Developer Guide

Developer Quickstart

So you want to create your own LLM hacking agent? We've got you covered and taken care of the tedious ground work.

Let's start with some basic concepts:

  • A usecase is our basic abstraction for an agent. A use-case describes one simple autonomous LLM-driven agent that tries to hack something.
  • configurable takes care of all configuration-related tasks.
  • A capability is a simple function that can be called by the LLM to interact with the system.

It is recommended to use the Agent base class as a foundation for a new use-case, as it offers additional helper functions. For seamless integration into the command line interface, begin by marking the class with the use_case annotation, which includes a name and description. Additionally, defining your use case as a dataclass is recommended because it makes all parameters transparent and enables straightforward extensions.

template_dir = pathlib.Path(__file__).parent
template_next_cmd = Template(filename=str(template_dir / "next_cmd.txt"))

# add the use-case to the wintermute command line interface
@use_case("minimal_linux_privesc", "Showcase Minimal Linux Priv-Escalation")
@dataclass
class MinimalLinuxPrivesc(Agent):

    # You can define variables for the interaction of the agent. _This does not
    # necessarily have to be an ssh-connection as shown in this example._
    #
    # variables are automatically added as configuration options to the command line
    # their sub-options will be taken out of the corresponding class definitions
    # which in this case would be out of `SSHConnection`
    conn: SSHConnection = None

    # variables starting with `_` are not handled by `Configurable` thus not
    # auto-configured
    _sliding_history: SlidingCliHistory = None

    # The `init` method is used to set up and organize different tasks for an object:
    def init(self):
        # It starts by calling the `init` method of its parent class
        # to make sure any necessary setup from the parent class is also performed.
        super().init()

        # It creates a `SlidingCliHistory` object, which helps
        #     in managing and recording command history interactions. _This is not necessary
        #     for every agent and can be #     customized._
        self._sliding_history = SlidingCliHistory(self.llm)

        # capabilities are actions that can be called by the LLM
        # This capability allows the LLM to execute commands via SSH.
        self.add_capability(SSHRunCommand(conn=self.conn), default=True)
        # This lets the LLM test credentials over an SSH connection.
        self.add_capability(SSHTestCredential(conn=self.conn))

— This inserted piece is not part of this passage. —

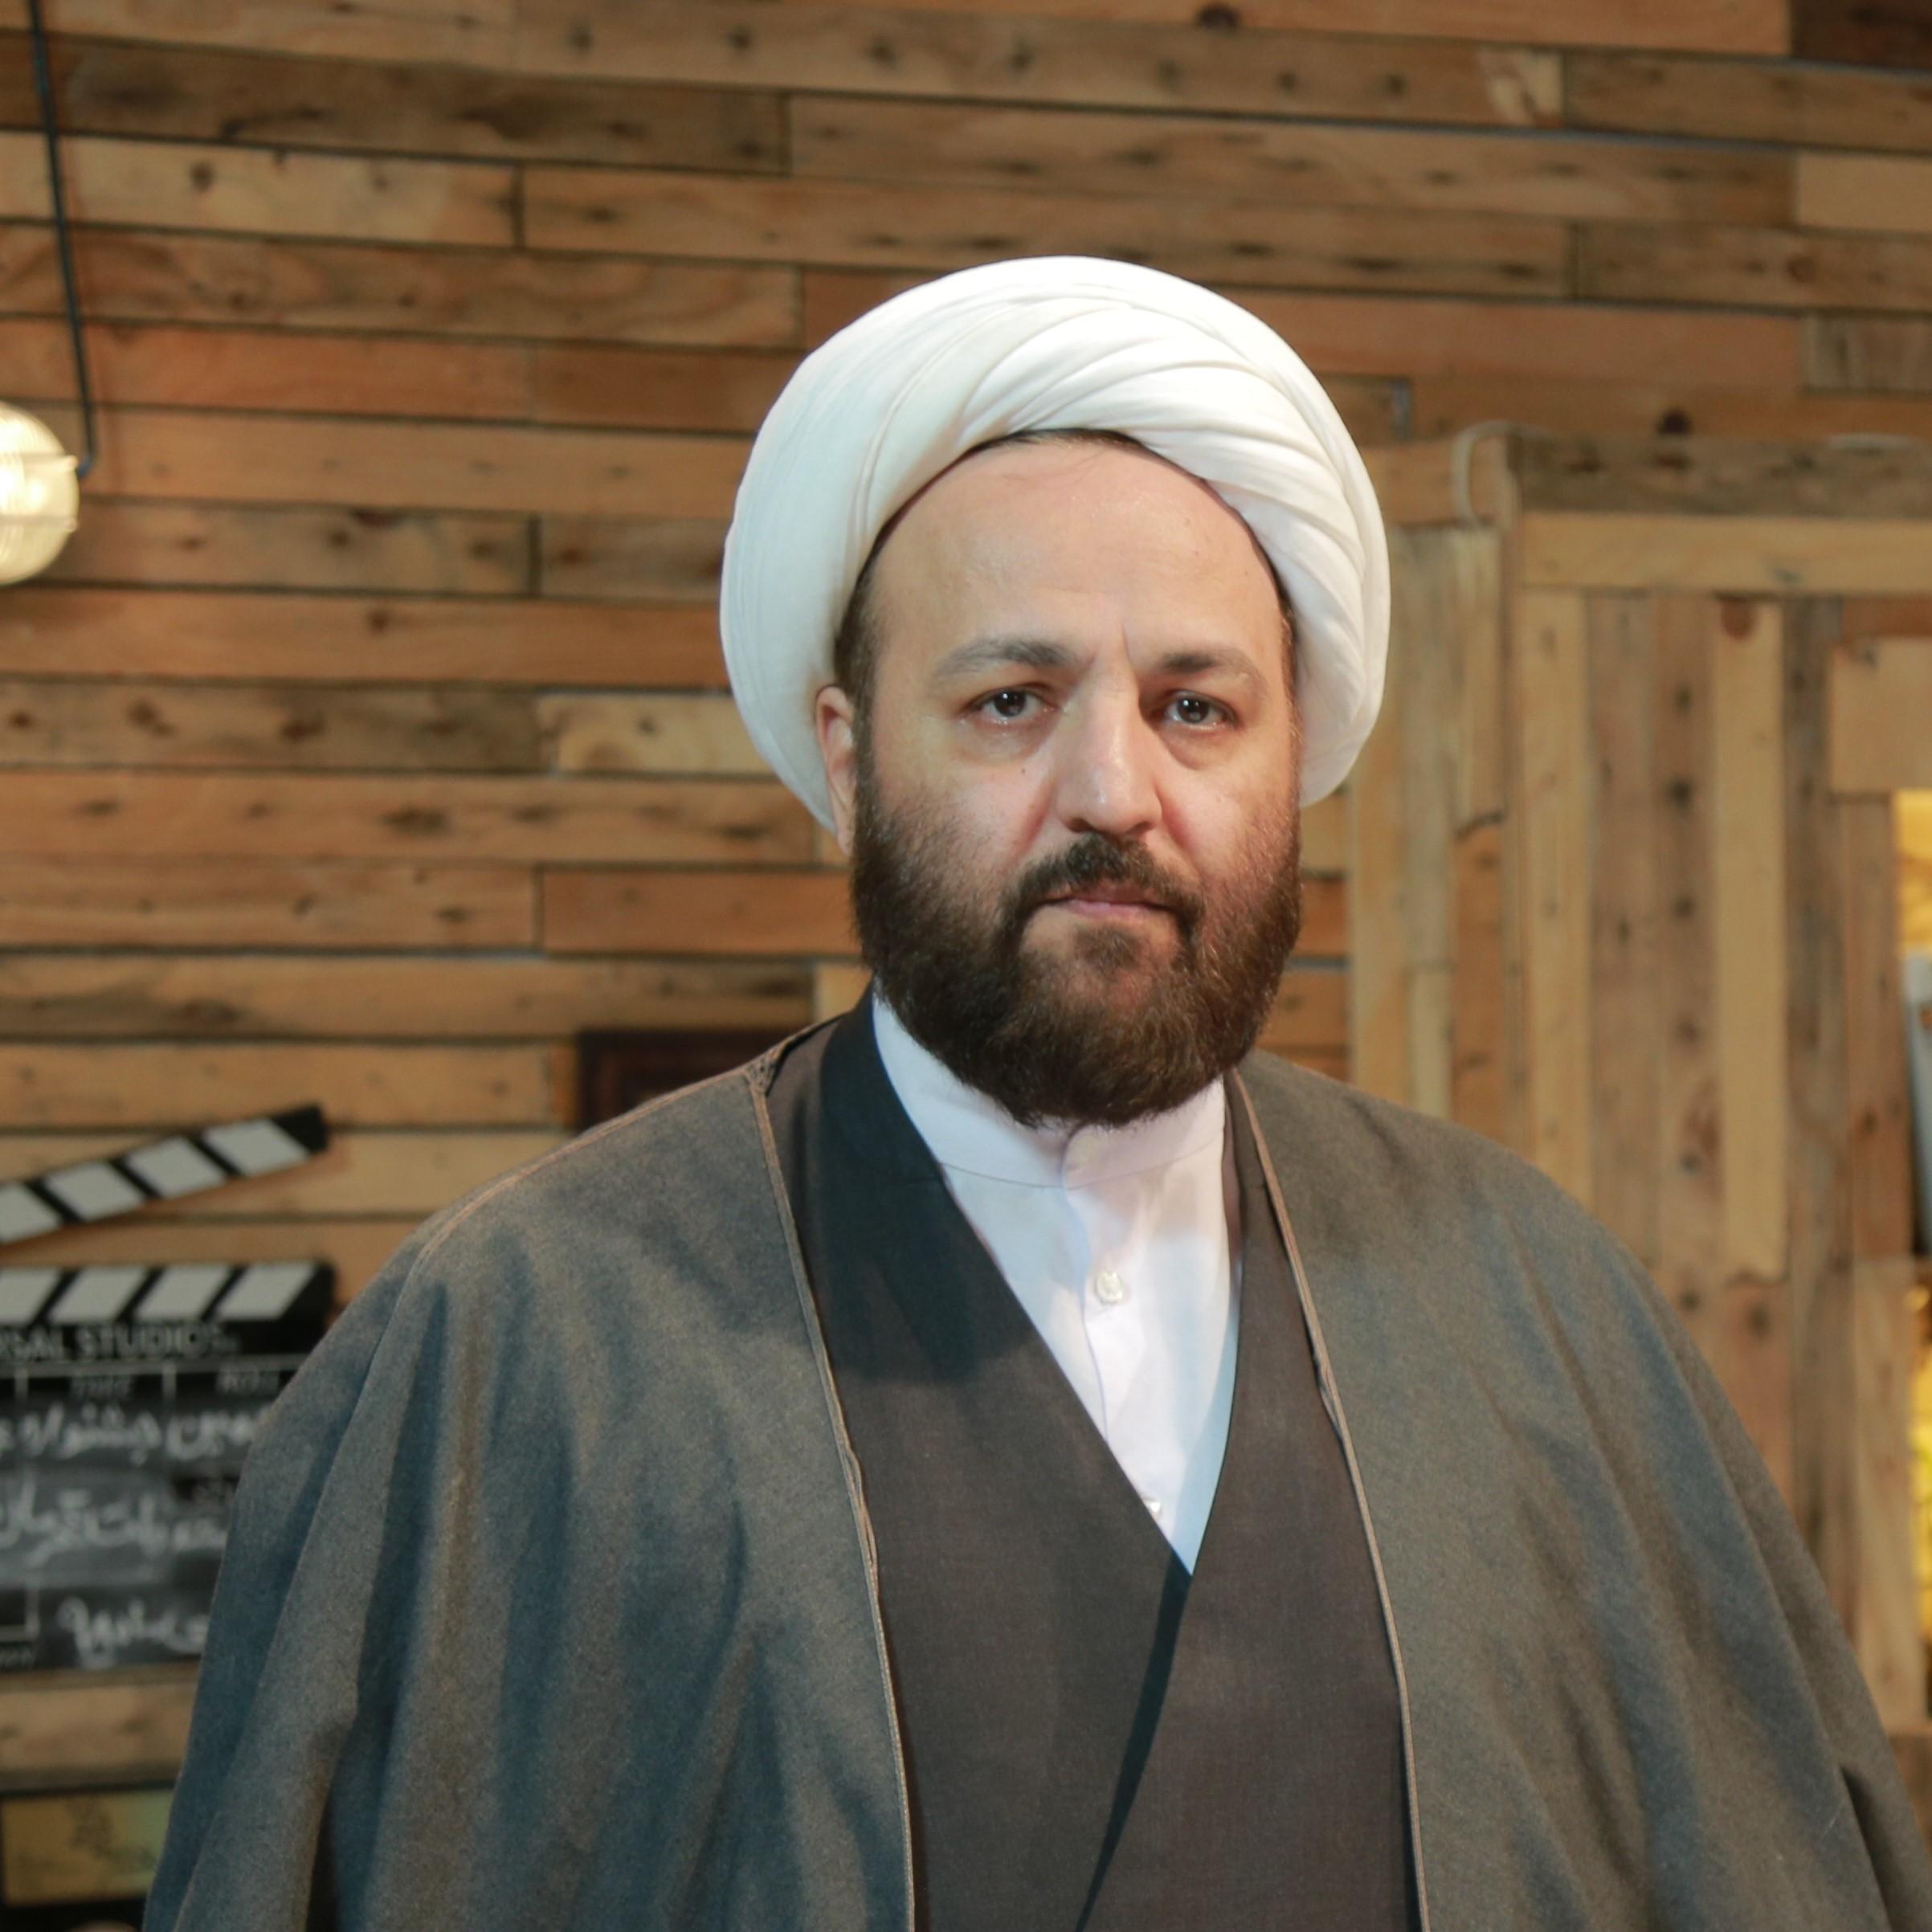 حجت الاسلام محمدعلی حیدری

        # This method counts how many tokens a text query contains by encoding the query
        # and then measuring the length of the resulting tokens.
        self._template_size = self.llm.count_tokens(template_next_cmd.source)

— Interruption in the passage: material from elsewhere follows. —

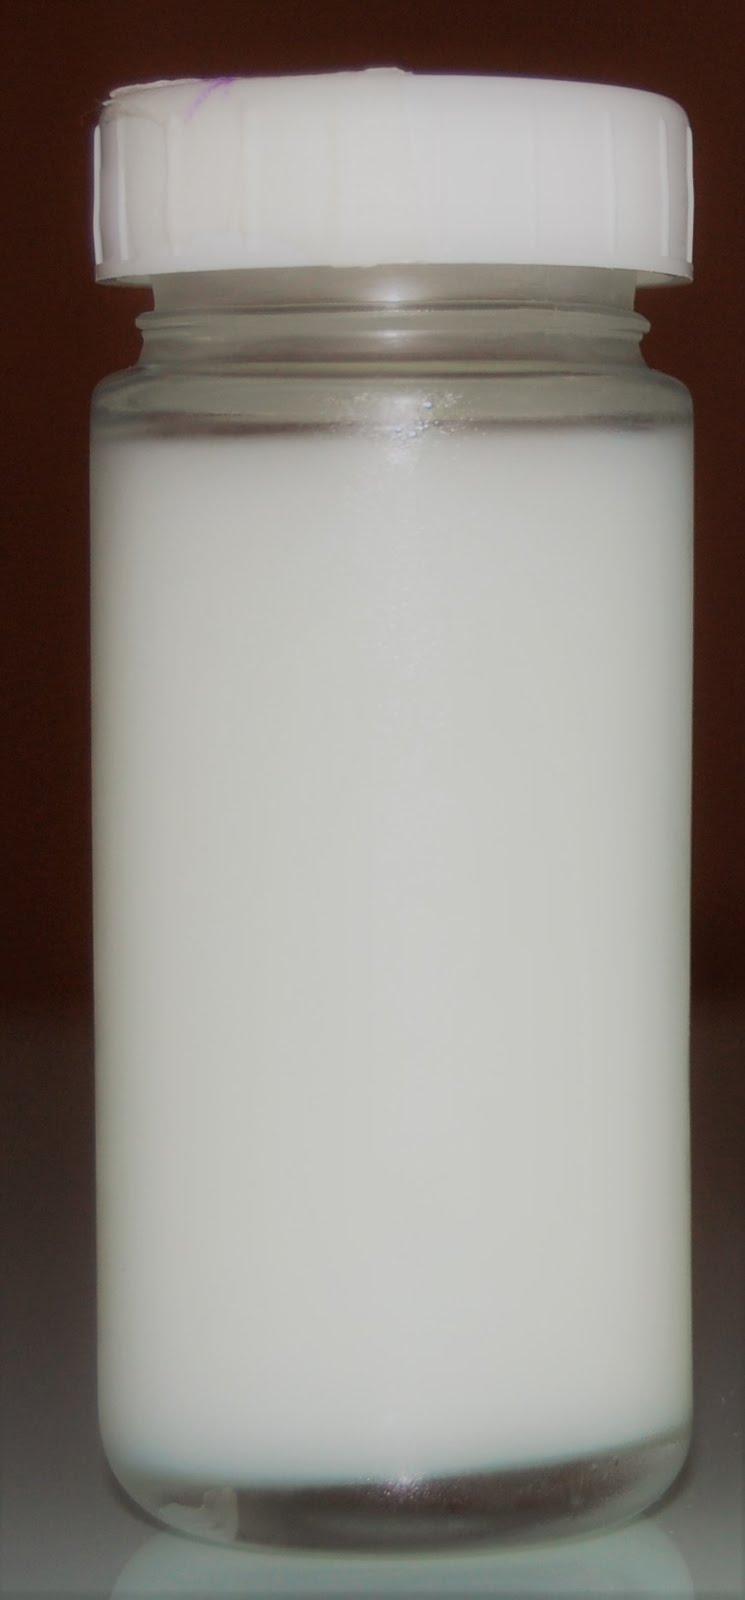 Doe o leite que sobrar!!!

    # Every agent that is based on the `Agent` has to implement the
    # `perform_round` function: it outlines the specific actions or behaviors
    # the agent will carry out in each round of its operation. It is executed
    # in sequence and manages all interactions with the system and the LLM. If
    # the method returns `True`, the agent's execution is halted. Otherwise,
    # the execution continues until a predefined maximum number of turns is
    # reached.
    def perform_round(self, turn):
        got_root : bool = False

        with self.console.status("[bold green]Asking LLM for a new command..."):
            # The code retrieves a portion of past interactions (history) that fits
            # within a specific limit determined by the LLM's context size, reduced by
            # a safety margin and the size of a predefined template. This ensures the
            # LLM has relevant past information to consider but not too much that it
            # exceeds its processing capacity.
            history = self._sliding_history.get_history(self.llm.context_size - llm_util.SAFETY_MARGIN - self._template_size)

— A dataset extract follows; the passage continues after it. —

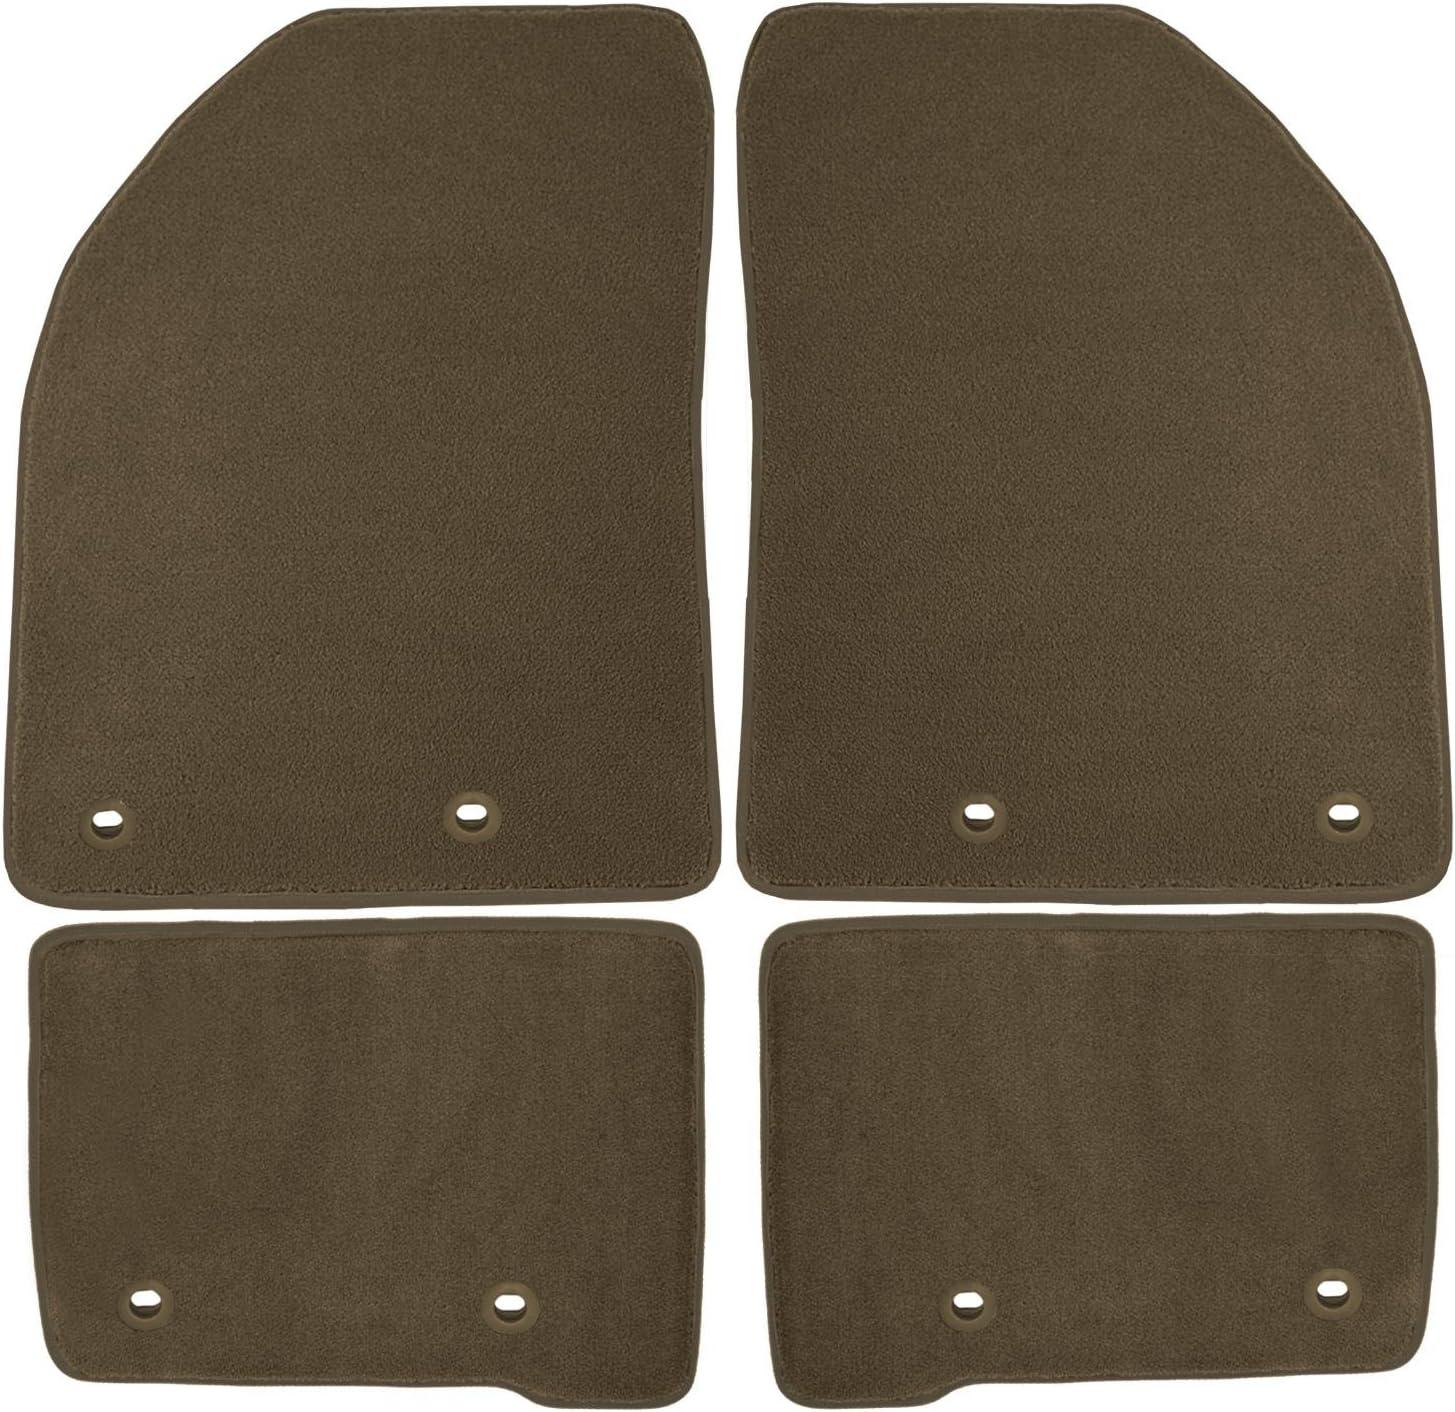 Coverking Front Custom Fit Floor Mats for Select Toyota Matsrix Models 70 Oz Carpet Oak

            # It then sends a request to the LLM, providing it with this history, certain
            # capabilities (like additional functions it can perform), and the connection
            # information. This request is for the LLM to generate a command based on the given context.
            answer = self.llm.get_response(template_next_cmd, _capabilities=self.get_capability_block(), history=history, conn=self.conn)

            # the LLM's response can be noisy, try to extract the exact command
            # from its answer
            cmd = llm_util.cmd_output_fixer(answer.result)

        with self.console.status("[bold green]Executing that command..."):
            self.console.print(Panel(answer.result, title="[bold cyan]Got command from LLM:"))

            # execute the capability identified by the LLM
            result, got_root = self.get_capability(cmd.split(" ", 1)[0])(cmd)

        # The command and its result are logged in a database
        self.log_db.add_log_query(self._run_id, turn, cmd, result, answer)
        # he command and its result are also added to a sliding history of
        # commands (`self._sliding_history.add_command`) to maintain a record
        # of past interactions.
        self._sliding_history.add_command(cmd, result)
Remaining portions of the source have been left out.